Is a separator included in the box? I have received conflicting info (thread here says yes, dealer info says no).
Also, are short coax jumpers included, to connect separator to 942? If I make up 6" jumpers, do they have to be RG6?
Already have DPP Twin LNB and single lead.

Thanks. Oh, and after all my posts in the 'to lease or not to lease' thread, I'll take the grief with the answers.


----------



## Tom in TX (Jan 22, 2004)

Separator came with mine, but I don't remember if the jumpers did, or if the installer had them. I would sure use RG6, though. For such a minimal expense, why chance signal loss?
Hope you enjoy yours, as I have mine!
Tom in TX


----------



## zephyr (Jun 25, 2005)

Thanks!


----------



## Neil Derryberry (Mar 23, 2002)

I got a seperator and jumpers with my 942


----------



## SimpleSimon (Jan 15, 2004)

All depends on when the box was packed.

Initially, no Sep or jumpers, later they threw in a Sep, most recently, both are included.


----------



## zephyr (Jun 25, 2005)

Separator and two jumpers are included in the box.
Just opened the box, and there they were.


----------



## BobaBird (Mar 31, 2002)

If you don't get jumpers, Radio Shack has 1-foot RG6 with connectors for $3.99.


----------



## SimpleSimon (Jan 15, 2004)

What a ripoff!

I'll send you a PAIR of 6" (better than 12" for this application) jumpers for $5. If you really want 12" I'll do that - same price. Cable is cheap, it's the connectors and labor that count.


----------



## Bichon (Jun 5, 2003)

SimpleSimon said:


> What a ripoff!
> 
> I'll send you a PAIR of 6" (better than 12" for this application) jumpers for $5. If you really want 12" I'll do that - same price. Cable is cheap, it's the connectors and labor that count.


Radio Shack must be doing something right. They are still around years after their competition like Lafayette Radio, Allied Radio, etc., have closed up shop. Building, stocking and staffing nearly 7,000 stores and operating them profitably requires a reasonable markup.


----------



## zephyr (Jun 25, 2005)

Although the 942 came with two jumpers, I purchased two more at Radio Shack, as well as a splitter, DC block and adjustable attenuator, all for the OTA setup. Quality is good and all work great. The gas is too expensive to drive back, return the two jumpers and take SimpleSimon up on hs offer. 

Does anybody know why there is a DC bias on the OTA antenna jack? Is there a matching antenna amp?


----------



## SimpleSimon (Jan 15, 2004)

IIRC, older 942s were setup to power an OTA amp, but they removed that feature because it was causing other problems.

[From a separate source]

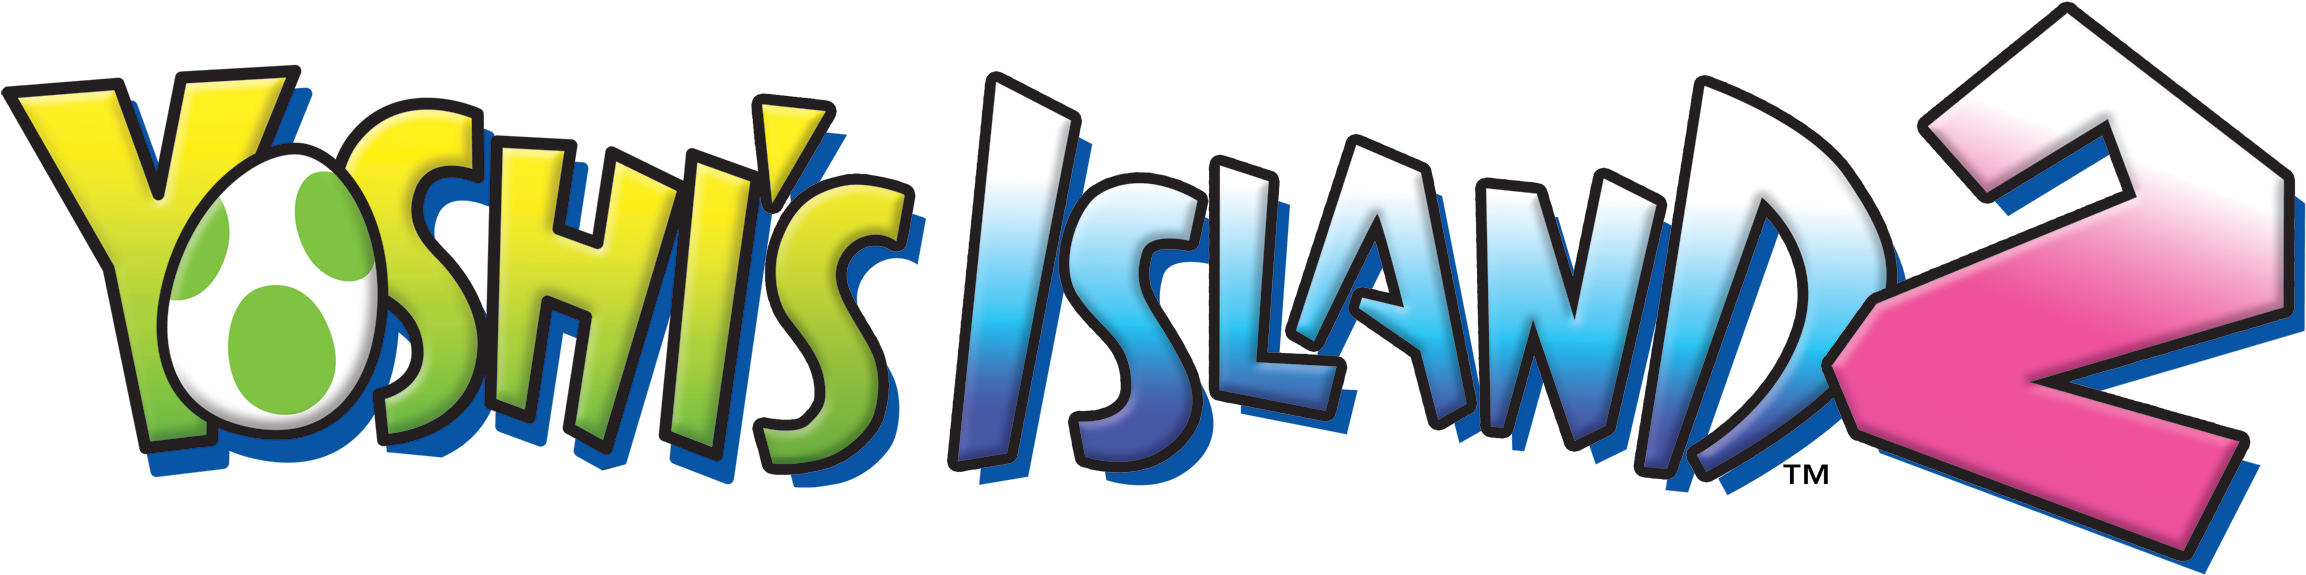 Yoshi's Island Ds Logo - Yoshi Island Ds Logo Clipart (2400x706), Png Download

As for RatShack, the only reason they're still in business is stupid consumers.

My cost for a 12" jumper is 55 cents plus 90 seconds labor. That's purchasing the parts in LOW quantity and assembling them by hand. RS's cost is a small fraction of that.

How about phone splitters? They charge multiple dollars for something anyone can buy - quantity one - for 50 cents if they go to a supplier. Ditto for wall plates, etc.

They're marking stuff up at like 500% - which is like 5 times what other retail stuff goes for.


----------



## Bichon (Jun 5, 2003)

The cost of buying and filtering 20 ounces of water is a fraction of a penny, the cost of procuring (in bulk) and filling a plastic bottle, maybe a nickel. How come it costs at least $1.00 from the convenience store or vending machine, and twice that at an outdoor event on a hot day?


----------



## zephyr (Jun 25, 2005)

SimpleSimon said:


> IIRC, older 942s were setup to power an OTA amp, but they removed that feature because it was causing other problems.


Sure enough: there is no power on that coax. Could have saved a DC block. Hmmm...combined with one extra cable, that Radio Shack return run may be worth the gas after all.


----------



## SimpleSimon (Jan 15, 2004)

Bichon said:


> The cost of buying and filtering 20 ounces of water is a fraction of a penny, the cost of procuring (in bulk) and filling a plastic bottle, maybe a nickel. How come it costs at least $1.00 from the convenience store or vending machine, and twice that at an outdoor event on a hot day?


 Because stupid people are willing to pay it. Bottled water STILL costs way more than gasoline.


----------